Overall, the Court observed that the relator's "attack here on a single doctor's prescriptions to a single patient does not provide the government with substantial valuable information, as intended by the qui tam statutes. Instead of providing the government with valuable information, [the relator] seemingly sought only to cash in on a fellow doctor's attempts to best address a patient's needs. In return, [the physician] was treated to a lawsuit, the proceeds of which would be split three ways between [the relator, his counsel, and the patient's parent]."

One question that remains is why the government did not dismiss this case or at least dismiss the corporate defendants pursuant to 31 U.S.C. 3730(2)(c)(2). This case was frivolous, and this should have been apparent as to the corporate defendants even at the sealed stage: the corporate defendants were not subject to respondeat superior liability because the physician was an independent contractor and not an employee of defendants. 

A. Brian Albritton
October 31, 2012

Wednesday, January 18, 2012

Court Sanctions Attorneys for Relator in Frazier v. IASIS Healthcare For Failing to Promptly Seek Ruling on Privileged Documents Obtained from Relator

The U.S. District Court in Arizona recently sanctioned the attorneys for the relator in the qui tam case of United States ex rel Jerre Frazier v. IASIS Healthcare Corporation, Case 2:05-cv-766-RCJ as a result of their failure to promptly seek a ruling from the Court concerning privileged documents of the defendant that they had received from the relator.  In an Order entered on January 10, 2012, the Court found that the relator, Frazier, had “copied and removed approximately 1,300 pages of documents, emails and other . . . proprietary materials” from the the defendant, IASIS Healthcare. After years of litigation and the dismissal of the third amended qui tam complaint in June 2011, the Court handed down its ruling in response to the Defendant's Renewed Motion for Sanctions against the relator and his counsel.

The Court denied as moot the Motion for Sanctions against the relator as the parties had settled their claims.

As to the relator's "Qui Tam Counsel," however, the Court found they "were aware that they had potentially privileged documents in the Fall of 2004," before they filed suit, but once Qui Tam Counsel filed suit, they "delayed and did not seek a ruling from the Court on what to do with IASIS’s privileged documents" until it had served the unsealed qui tam complaint. The Court further falted Qui Tam Counsel for appearing to "play dumb as to what privileged documents IASIS was talking about" once IASIS requested its docuuments  The Court explained that "[a]lthough Qui Tam Counsel were obligated to acquire Frazier’s consent before returning the documents back to IASIS, Qui Tam Counsel should have told IASIS that or should have waited for Frazier’s consent.
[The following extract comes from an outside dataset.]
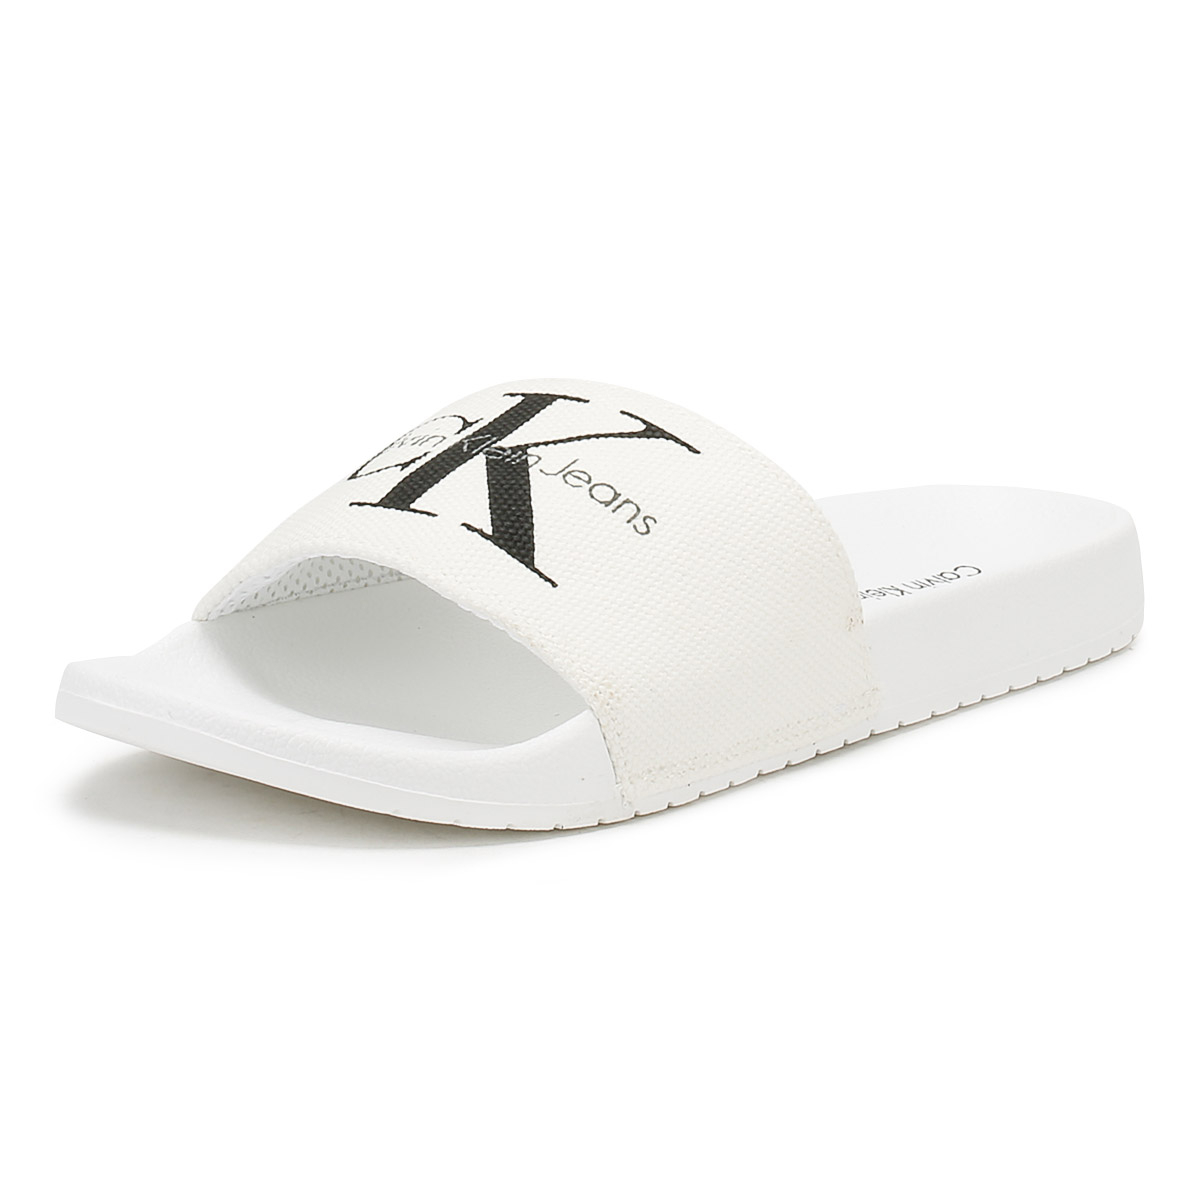 ab4c042bf Details about Calvin Klein Jeans Mens White Viggo Slides Summer Flip Flops  Beach Shoes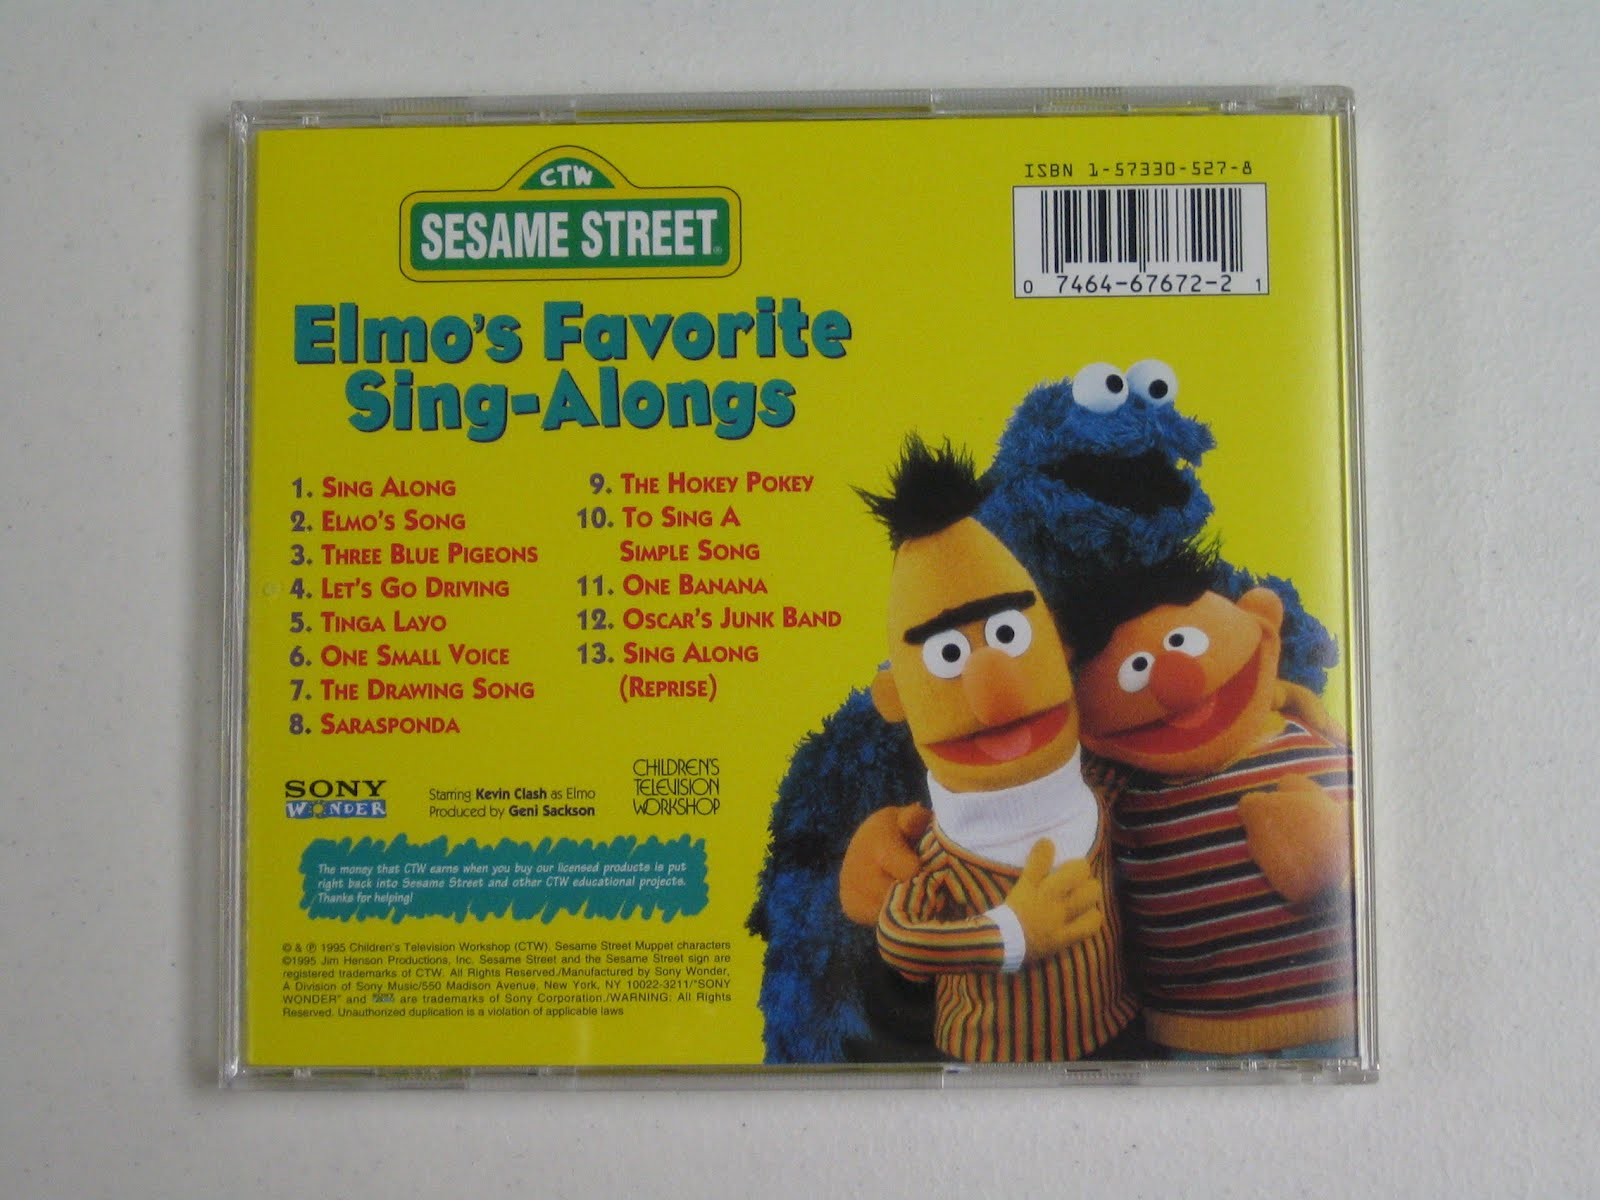 Sesame street songs cd - Shii store

Instead, Qui Tam Counsel feigned ignorance with respect to the Sealed Box of privileged documents in their offices." The Court found that Qui Tam Counsel breached an ethical duty to seek a ruling from the Court about the privileged documents and breached their duty to contact IASIS about the documents after the complaint was unsealed."

Though finding that sanctions were appropriate, the Court explained that the "circumstances in this case do not warrant dismissal" nor did the facts establish that Qui Tam Counsel acted in "bad faith"  In light of these considerations, the Court imposed the sanction of requiring Qui Tam Counsel to repay the "attorneys’ fees and costs expended by IASIS in its attempt to get its privileged documents back from Qui Tam Counsel."  Additionally, the Court disqualified the relator's counsel from further assisting or representing the relator "or any other party adverse to IASIS."

The Court denied Defendant's request that Qui Tam Counsel be sanctioned even more broadly for fees and costs pursuant to 28 U.S.C. § 1927.   28 U.S.C. § 1927 provides that the Court may award attorneys' fees and costs against an attorney who "unreasonably and vexatiously" . . . . . "multiplies the proceedings in any case."  The Court rejected  Defendant's request on the grounds that Qui Tam Counsel had not acted in bad faith "nor is there any evidence to establish that they knowingly raised a frivolous argument."